The Fourth Dinner of the Hobby Club was on September 27, 1912, in the home of Theodore N. Vail who gave a presentation on "The Intercommunication of Intelligence" at his country home, Speedwell Farms, in Lyndonville, Vermont. "In the evening we had the club dinner, with Mr. Vail as speaker of the occasion. His subject, "The Intercommunication of Intelligence," enabled him to draw in a most interesting fashion upon his own reminiscences of the great work of establishing telegraphic and telephonic connection between all parts of the continent."

The Fifth Dinner was on October 31, 1912, in the home of Professor Bashford Dean and his presentation on "Ancient Armor" in Riverdale, New York. The Sixth Dinner was on December 19, 1912, was hosted by MR. John D. Crimins at the Metropolitan Club and his presentation was on "Early New York".

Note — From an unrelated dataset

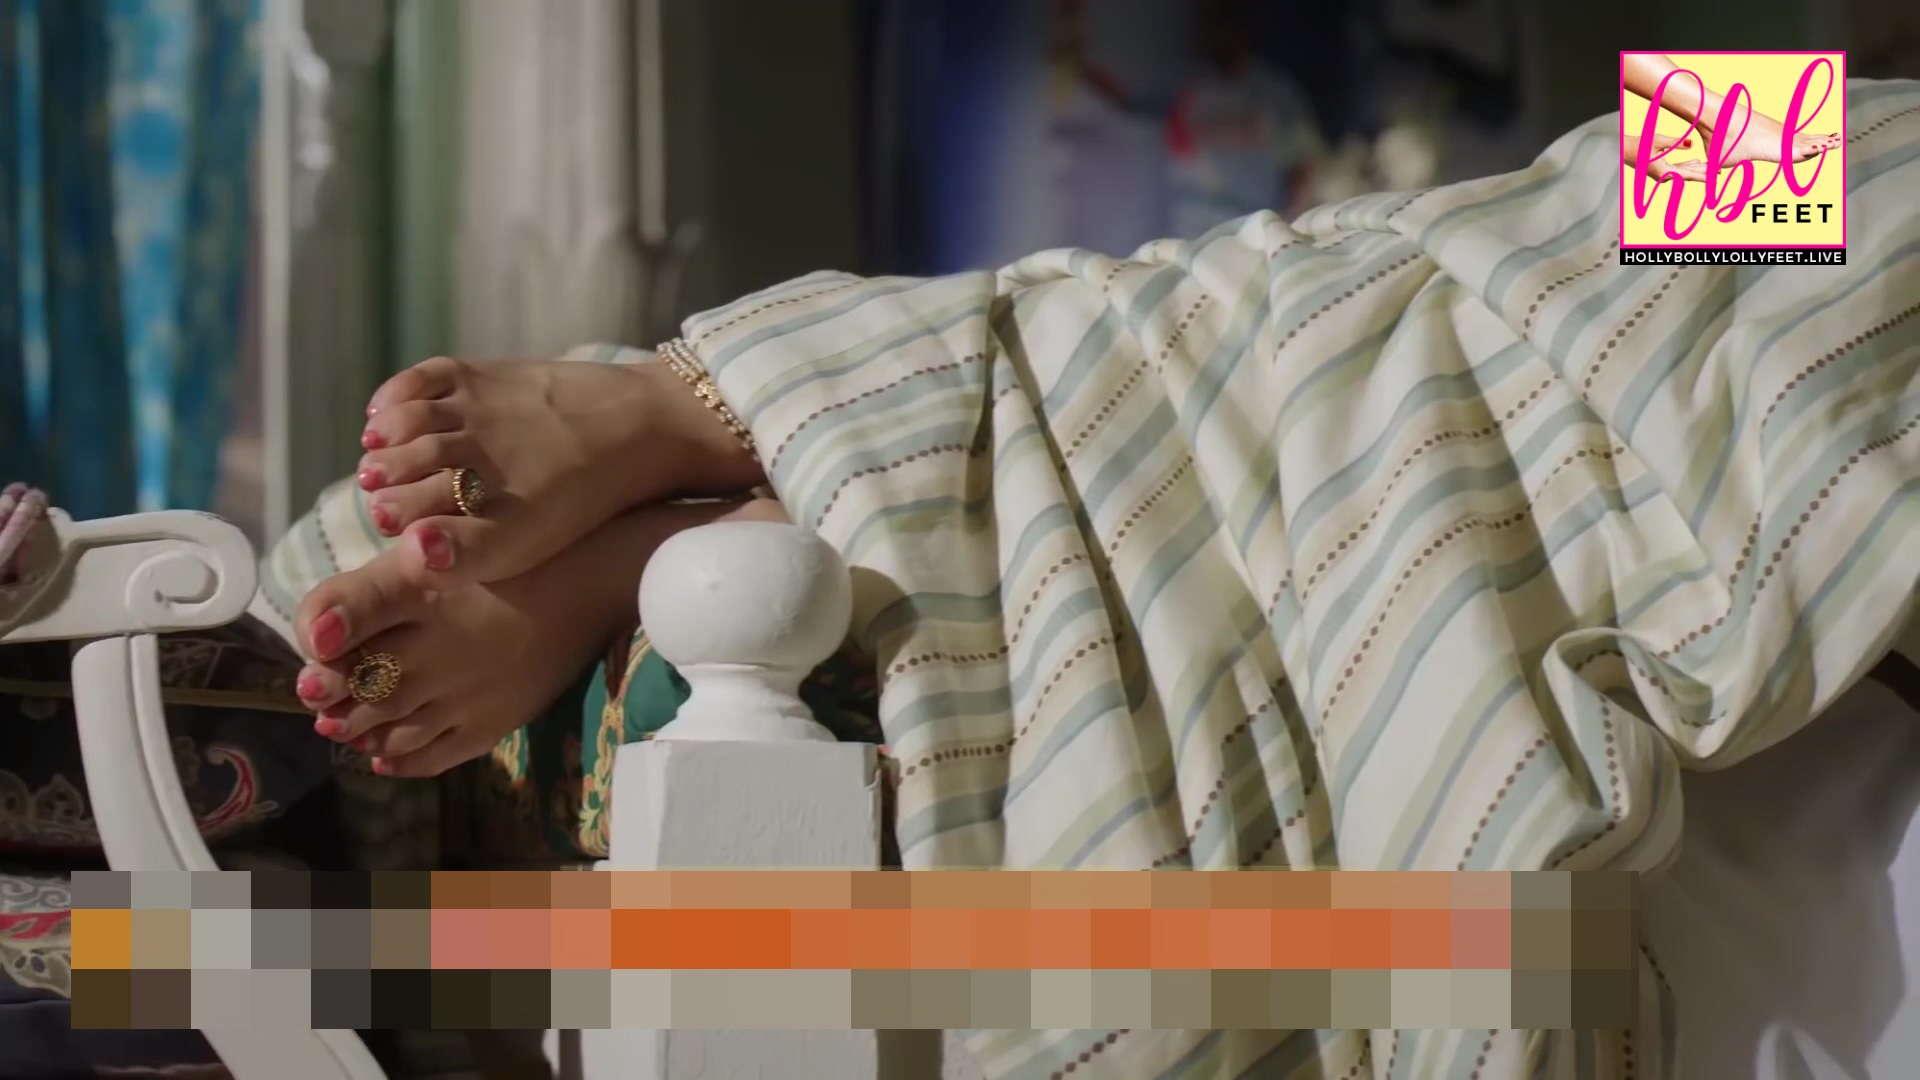 Tejaswi Prakash Wayangankar Feet Closeup
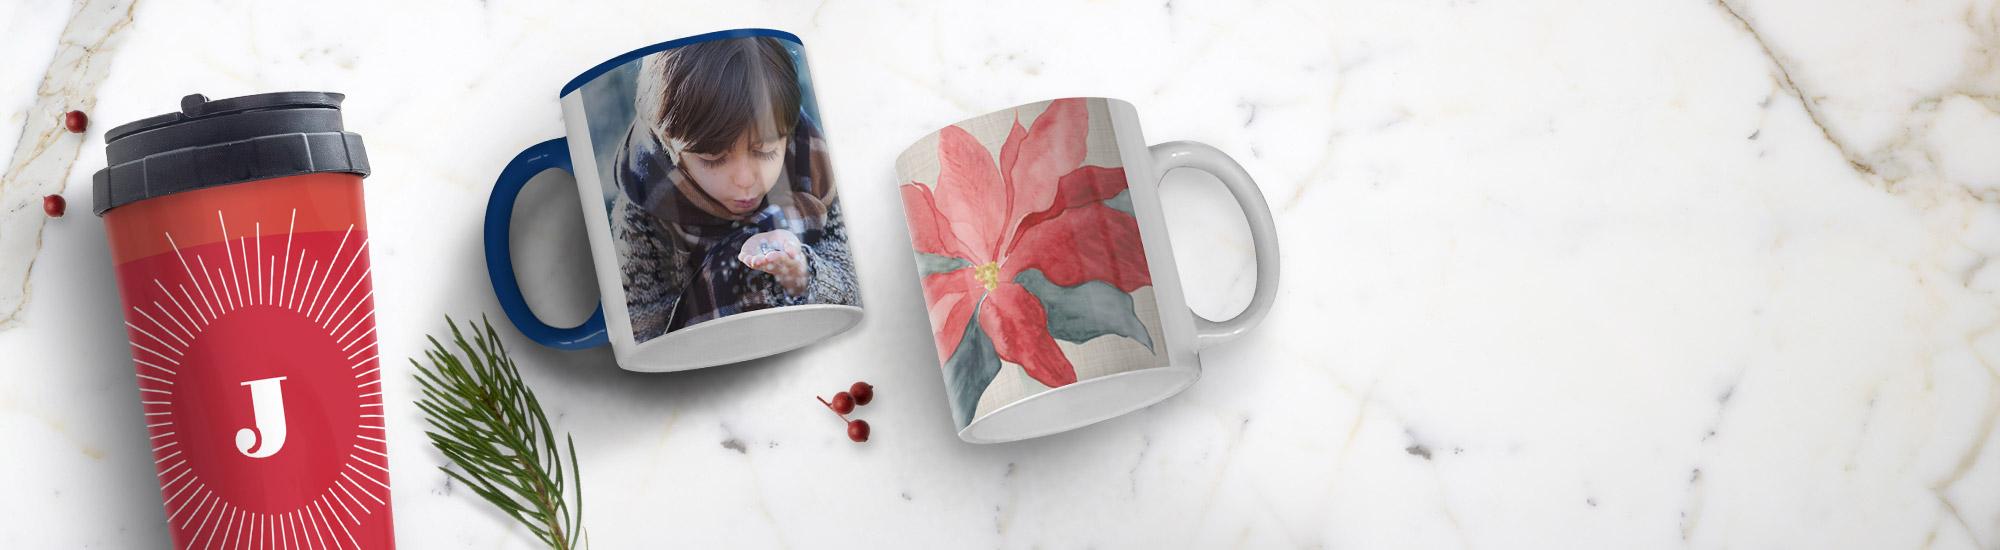 Personalised Mugs & Tableware

Through the courtesy of the [Joan of Arc] Statue Committee, the Club held a special meeting on the evening of Saturday, January 25, 1913, in the American Numismatic Society Building, to view the Joan of Arc Loan Exhibition. Dr. George F. Kunz presented to each member a special Hobby Club edition of the very artistic illustrated catalogue. The members later were entertained at the Hispano-American Museum, where their fellow member, Mr. Archer M. Huntington, acted as host and guide, showing and explaining the many rare and beautiful art and literary treasures. The Seventh Dinner was held on January 30, 1913, by Mr. Alvin W. Krech who gave a talk on "Incunabula". The Eighth Dinner was held on March 20, 1913, and hosted by Mr. George A. Plimpton who gave a talk on "Education Before Printing as Endorsed by Original Manuscripts". The Ninth Dinner was held on May l, 1913, and hosted by Dr. George F. Kunz, who gave a talk on "Precious Stones" at the Union Club. The Tenth Dinner was held on December 18, 1913, and hosted by Mr. R. T. Haines Halsey who spoke about "American Arts and Crafts of the Seventeenth and Eighteenth Centuries" at the Metropolitan Club. The Eleventh Dinner was held on February 19, 1914, and hosted by Mr. Winston H. Hagen who spoke about 'By-ways of Book Collecting'. The address was delivered by Mr. Halsey at his residence, No. 64 West 55th Street.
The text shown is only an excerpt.